I was asked for my pps number to open a savings account in Bank of Ireland about 18 months ago.


----------



## royrogers (1 Nov 2005)

As you probably know there is a statutory period which is 5 years and if the company does not recover the debt within that period then they cannot take it any further.  Also the bank was lying as they cannot send anyone to prison for being debt unless it is owed to the government not to banks for credit card debts?


----------



## Sherman (1 Nov 2005)

> Some people cannot cope with debt, being harrassed every day by phone calls from debt collectors. Credit is far too easily available and every time I go to check my accounts I find pre approved
> this and pre approved that. If I took advantage of it all then I would have to disappear.


 
Give me a break - never hear of personal responsibility *Swallows*?


----------



## RainyDay (1 Nov 2005)

royrogers said:
			
		

> Also the bank was lying as they cannot send anyone to prison for being debt unless it is owed to the government not to banks for credit card debts?

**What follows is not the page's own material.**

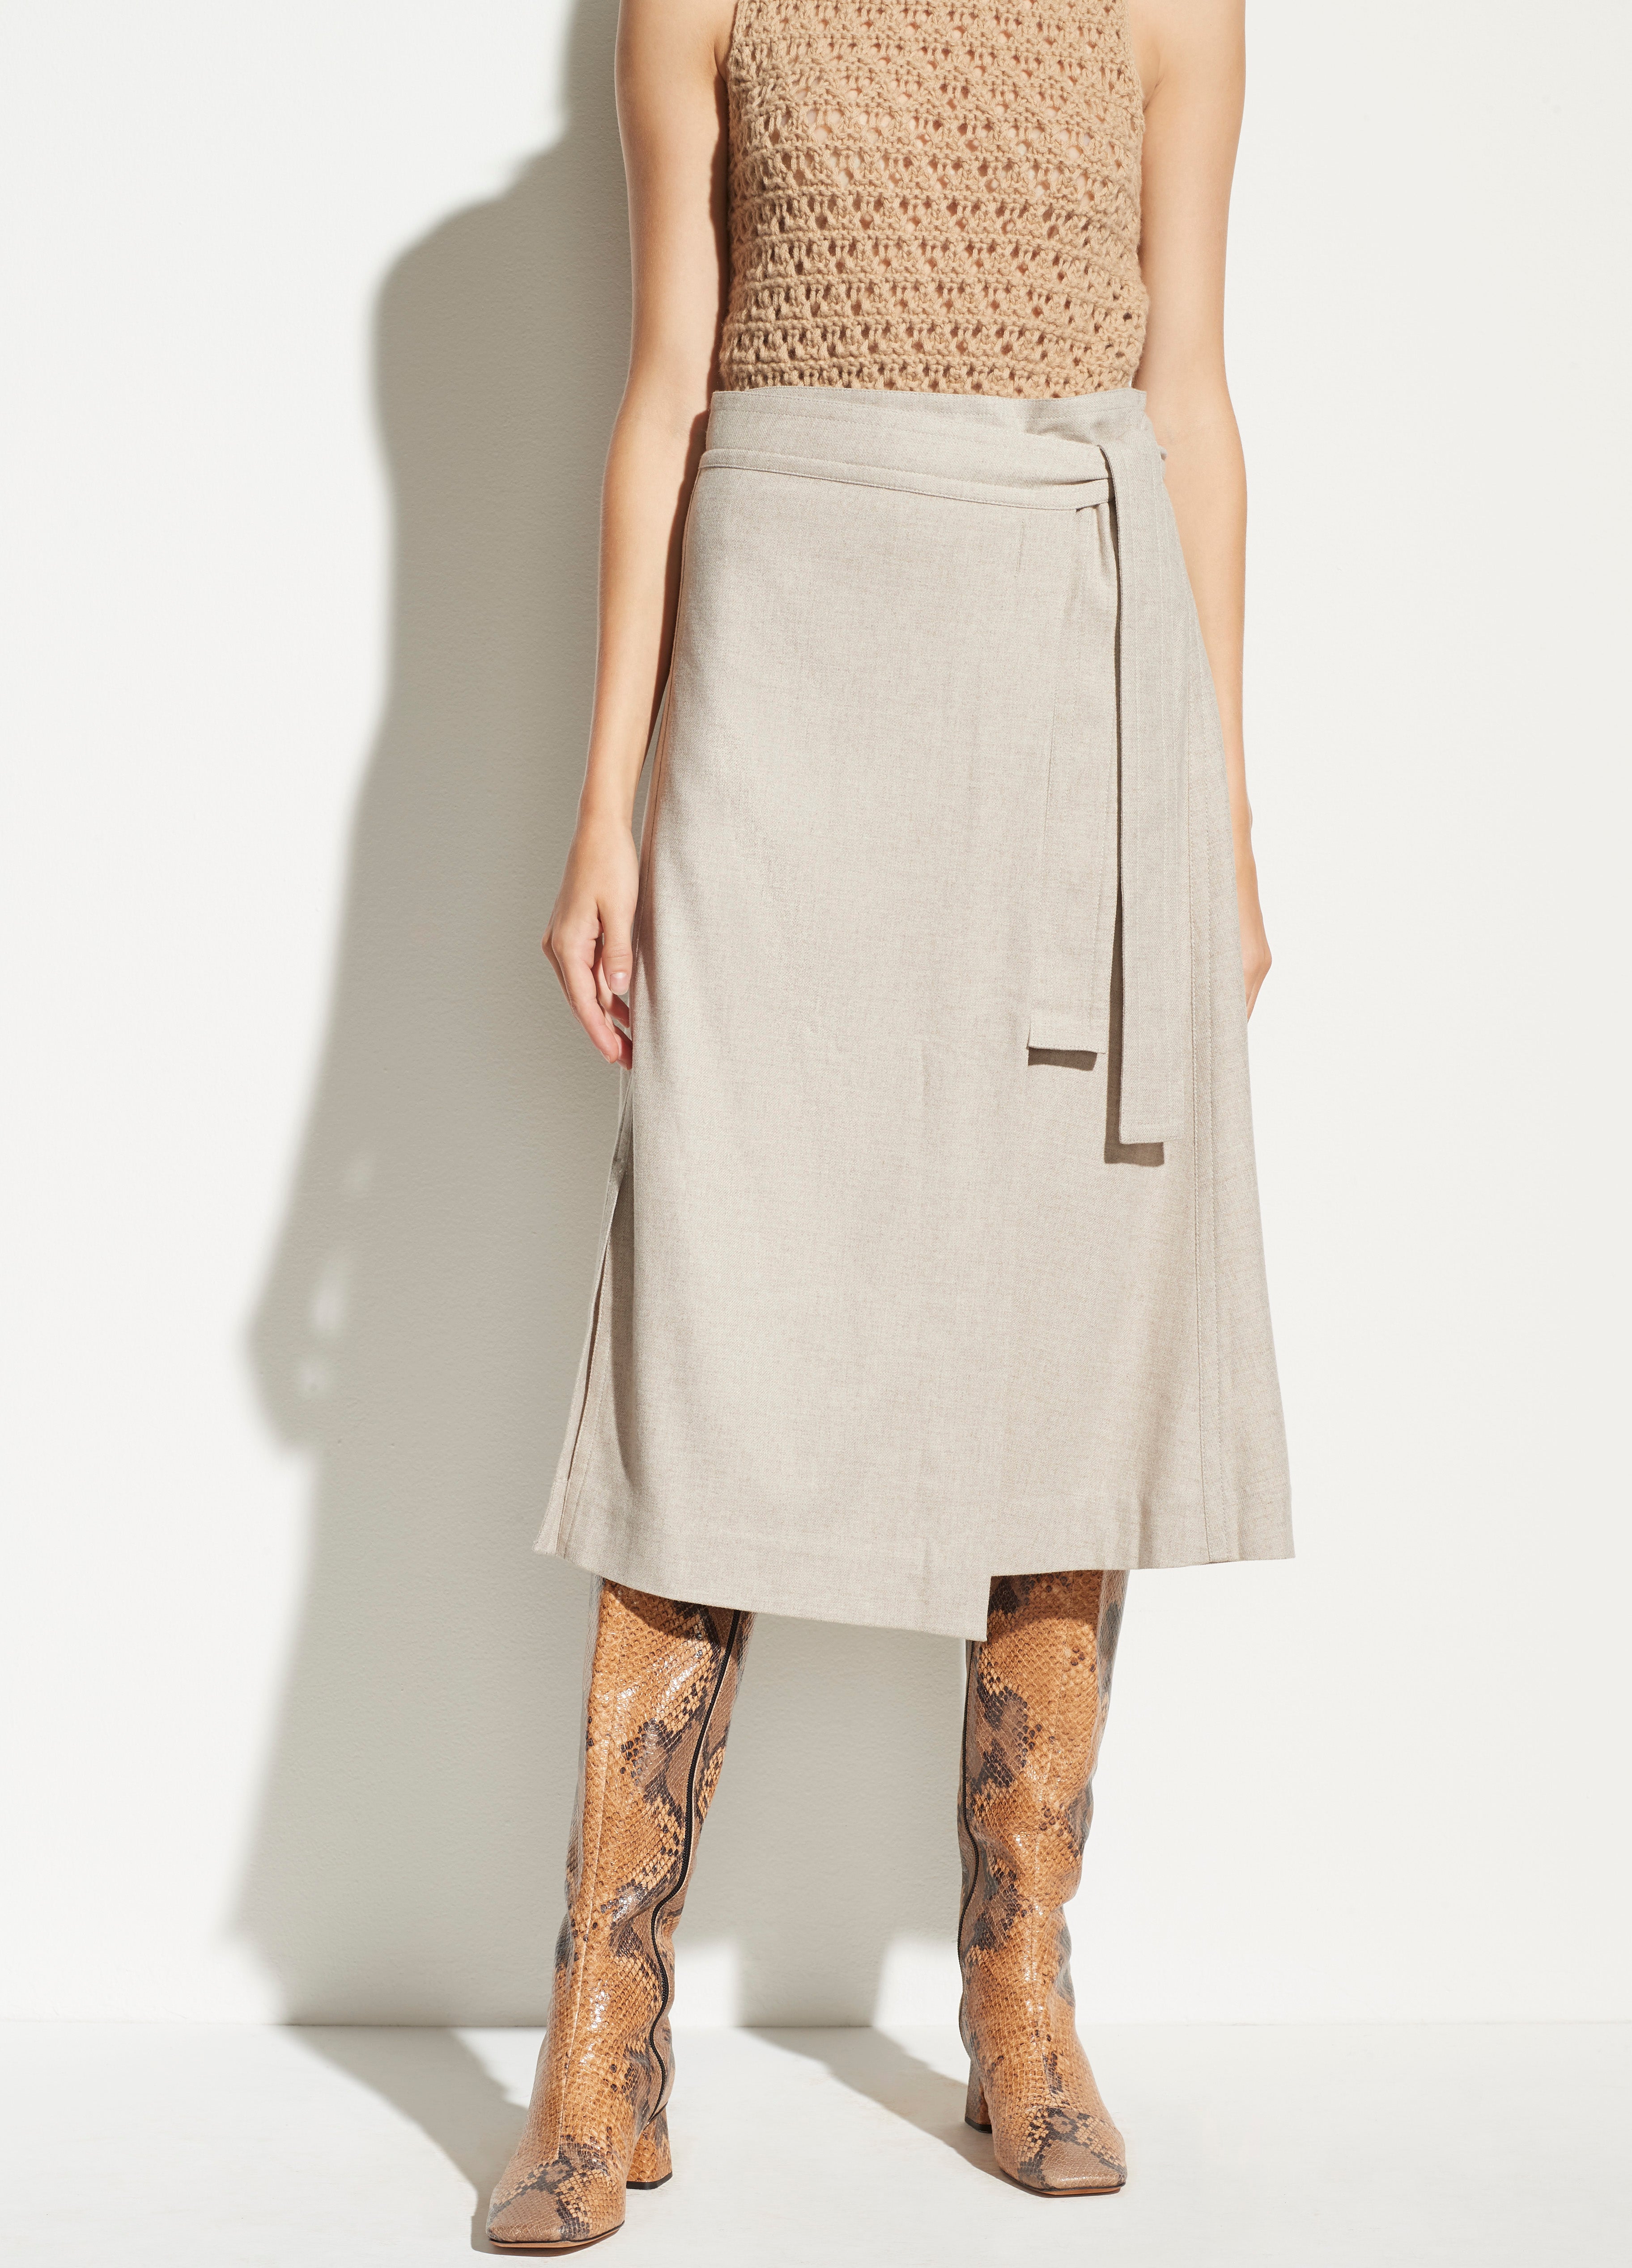 Vince, Belted Leather Skirt in Dark Wheat
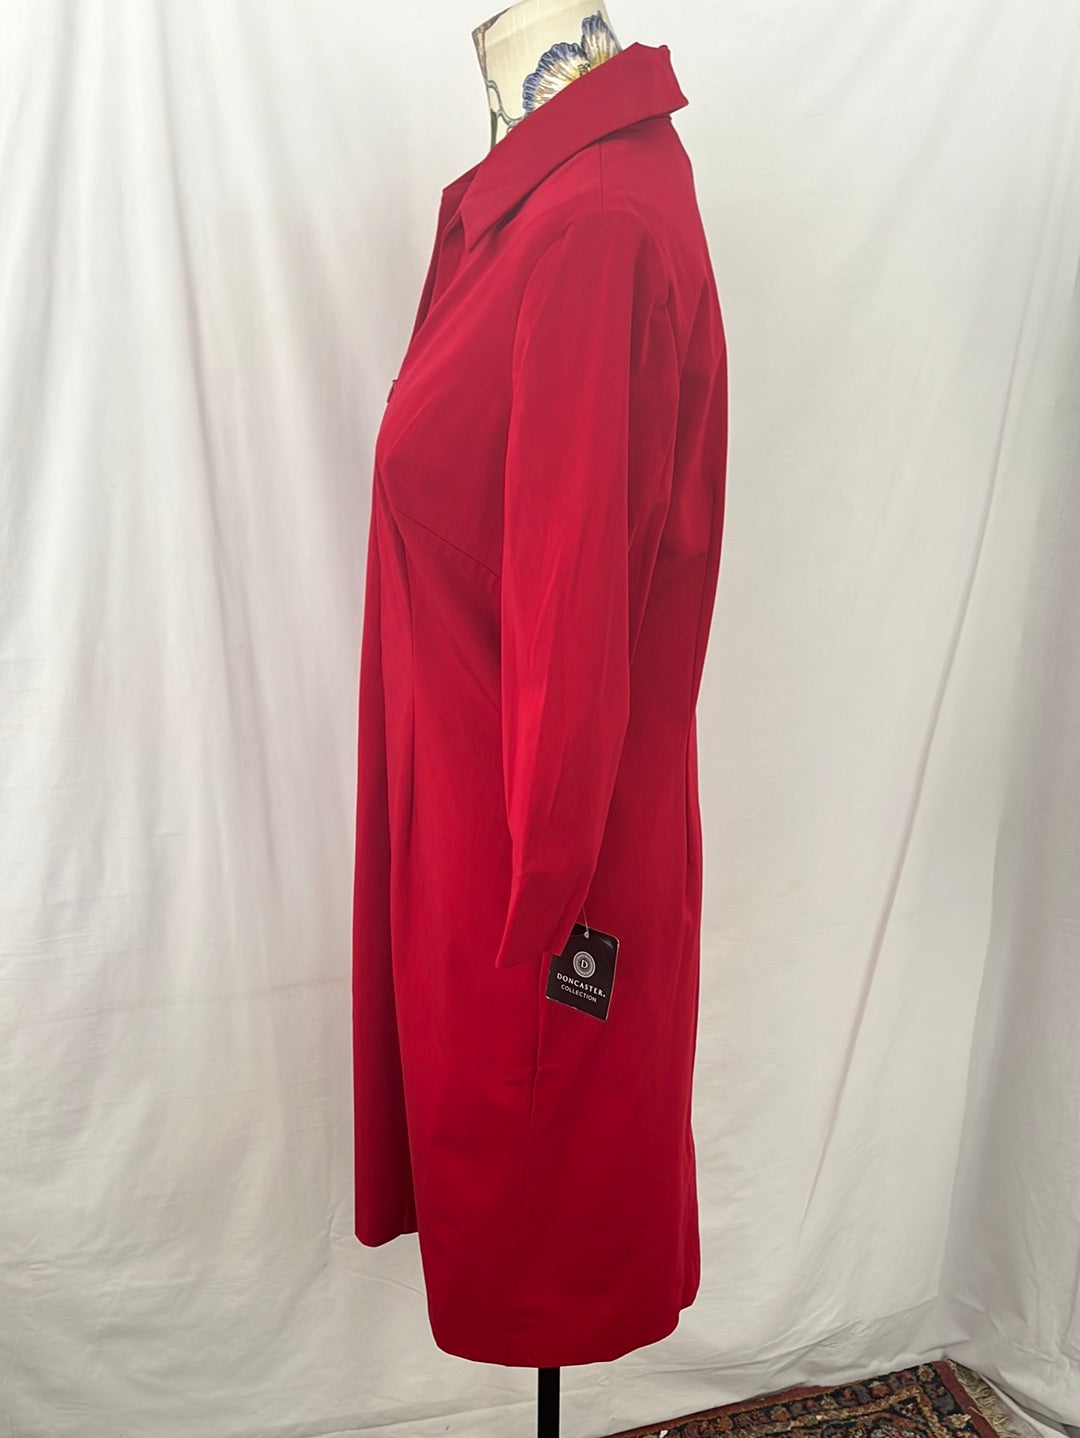 VTG / NWT -- Doncaster Collection red Collared Shift Dress -- 12

While this is tecnically correct, people have been imprisoned on debt-related matters. I know of one case where the financial institution (Irish Nationwide) requested a court order to jail an individual whose property they were repossessing, and the court granted the order.


----------



## Alex (1 Nov 2005)

...but if you make an effort to make some sort of repayment that should look good shouldn't it? at least the person in debt would be acknowledging they owe the money and they are trying to sort things out. by the way i myself am not in debt.

Alex.


----------



## ASH83 (1 Nov 2005)

HI Justin, I actualy have a post her myself asking about debts that i have . Not wanting to hit you with the one liner the right thing to do but it is, i left my loans for a long time fooling myself that they would dissapper, they dont, i have done the sleepless nights over what i owe and the constently thinking of it. Its not worth it, that consetent sick feeling just is not worth sticking your head in the sand, prob thinking im one to talk but im trying my hardest to sort things out. End of the day money was borrowd and spent so therefor it has to be paid back. I have contacted MABS through the advice of people on this site and to be honest since i rang to make my app. for later this month there is a slight releife because i have started the ball rolling to fix the problem. you may not like banks but i think changing ur whole personal persona is a little drastic and un-nessescery although i can see the thought behind it becuase when you owe money there is always a time when u feel all you can do is something drastic. So all i can say is maybe do what i have been told to do and contact MABS see if the can reduce payments and help with a budget as that is what i was told would happen at my app. when i rang. I really hope you sort yourself out as i know there are some people who think if u owe money ur problem and yes i know what the line responsability for your own actions means but unfourtunetly things are never that clear cut there are a huge number of problems that can accure that start debt there is a lot of strain and worrie that help push you onto the bad road of debt. best of luck x


----------



## royrogers (1 Nov 2005)

Rainday, I expect the person was not sent down for non payment of debt but as his property was being repossessed he probably would have been because of threatening behavior or something else not because of being debt??


----------



## Vanilla (1 Nov 2005)

> As you probably know there is a statutory period which is 5 years and if the company does not recover the debt within that period then they cannot take it any further.


 
First of all the statutory period is 6 years, not 5. Secondly any acknowledgement by the debtor of the debt will result in a fresh accrual of right to take action, so that period is extendible.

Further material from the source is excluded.